PlayCanvas v2.17: half-precision Gaussian Splatting on WebGPU
PlayCanvas Engine v2.17.0 landed with a focused set of improvements that push Gaussian Splatting forward on WebGPU. The release adds half-precision spherical harmonics, a GPU-driven sorting and culling pipeline, and a global splat budget for managing scene-wide LOD.
SuperSplat walkthrough with PlayCanvas CEO Will Eastcott on editing and optimizing Gaussian Splats
f16 spherical harmonics
The big technical addition is half-precision (f16) spherical harmonics for Gaussian Splatting when running on WebGPU. Spherical harmonics encode view-dependent color information for each splat, and they're one of the heaviest data structures in a splatting pipeline. Switching from 32-bit to 16-bit floats cuts memory usage roughly in half with minimal visual difference.

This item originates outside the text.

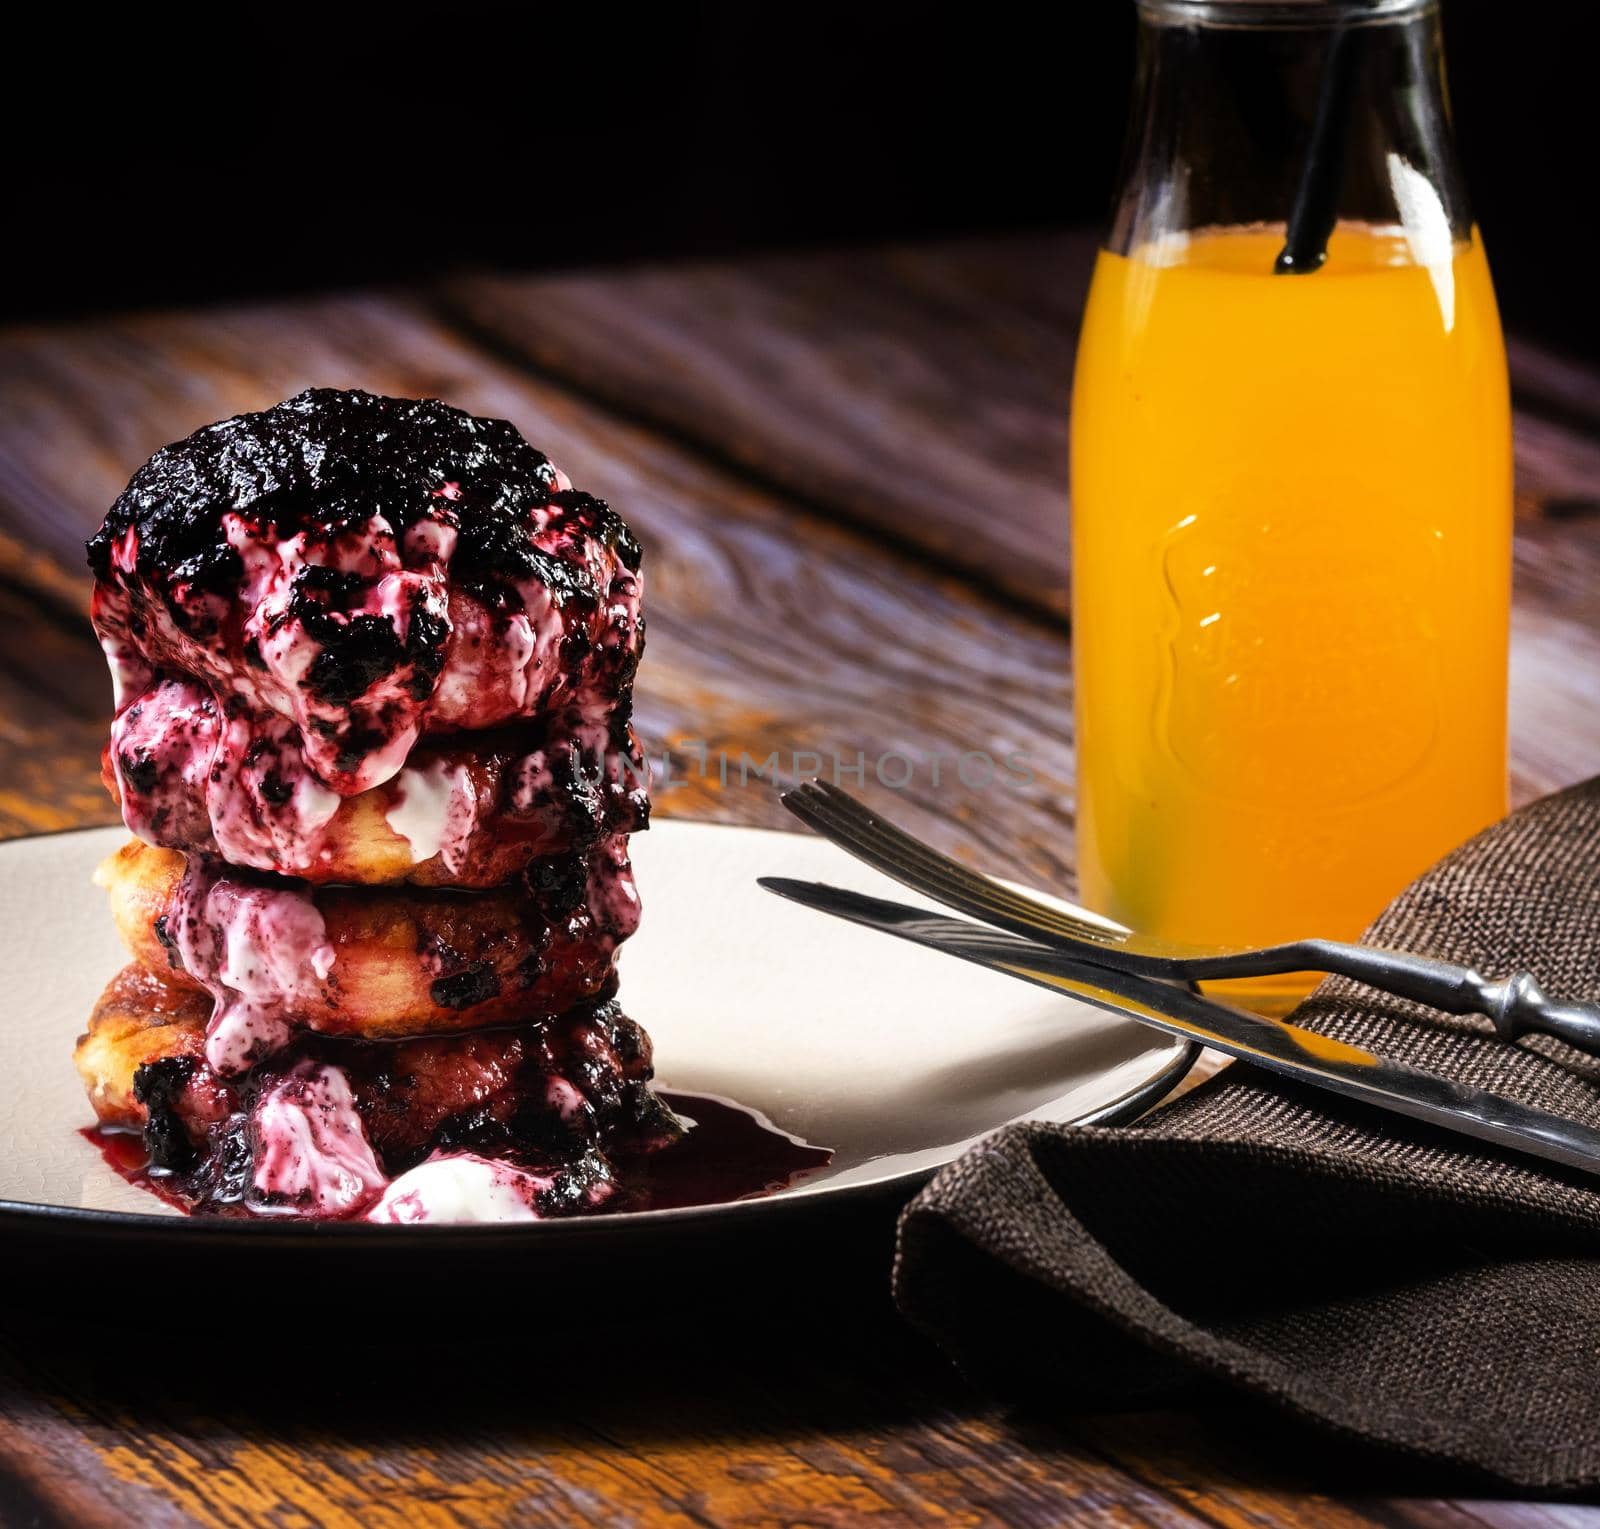 Fried Cheesecakes with blueberry jam and sour cream on a plate with orange juice in a bottle by Lobachad

This only works on WebGPU because WebGL doesn't natively support f16 buffers. It's another example of WebGPU enabling optimizations that weren't practical before.
GPU-driven sorting and frustum culling
v2.17.0 introduces a GPU-driven sorting and frustum culling pipeline for splats on WebGPU. Previously, splat sorting happened on the CPU, which became a bottleneck with scenes containing millions of Gaussians. Moving this to compute shaders means the GPU handles both sorting and culling without round-tripping data back to the CPU.
The frustum culling step discards splats outside the camera view before they're sorted, reducing the workload further.
Global splat budget
A new global splat budget system provides scene-wide Gaussian Splat LOD management. When your scene contains multiple splat objects, you can now set a total splat count for the entire scene. The engine automatically distributes the budget across objects based on distance and screen coverage.
This is practical for applications that compose multiple scanned environments or objects into a single scene, like virtual showrooms or architectural walkthroughs.
Self-hosting Gaussian Splatting models with the PlayCanvas viewer
Color Enhance and rendering updates
The release adds a new Color Enhance post-effect with midtones control, plus half-precision bloom shaders for better performance. Material.meshInstances changed from an Array to a Set, which speeds up instance removal operations. Front face support was also added to the render pipeline.
v2.16.0 laid the groundwork
The prior release (v2.16.0, February 3) added 2D Gaussian Splatting (2DGS) support and WGSL subgroup support. 2DGS uses flat discs instead of 3D ellipsoids, which can produce sharper surface reconstructions for planar geometry like walls and floors. The WGSL subgroup support enables wave-level operations in compute shaders, allowing faster parallel reductions on supported GPUs.
Together, v2.16 and v2.17 represent a significant push toward making PlayCanvas the go-to engine for web-based Gaussian Splatting.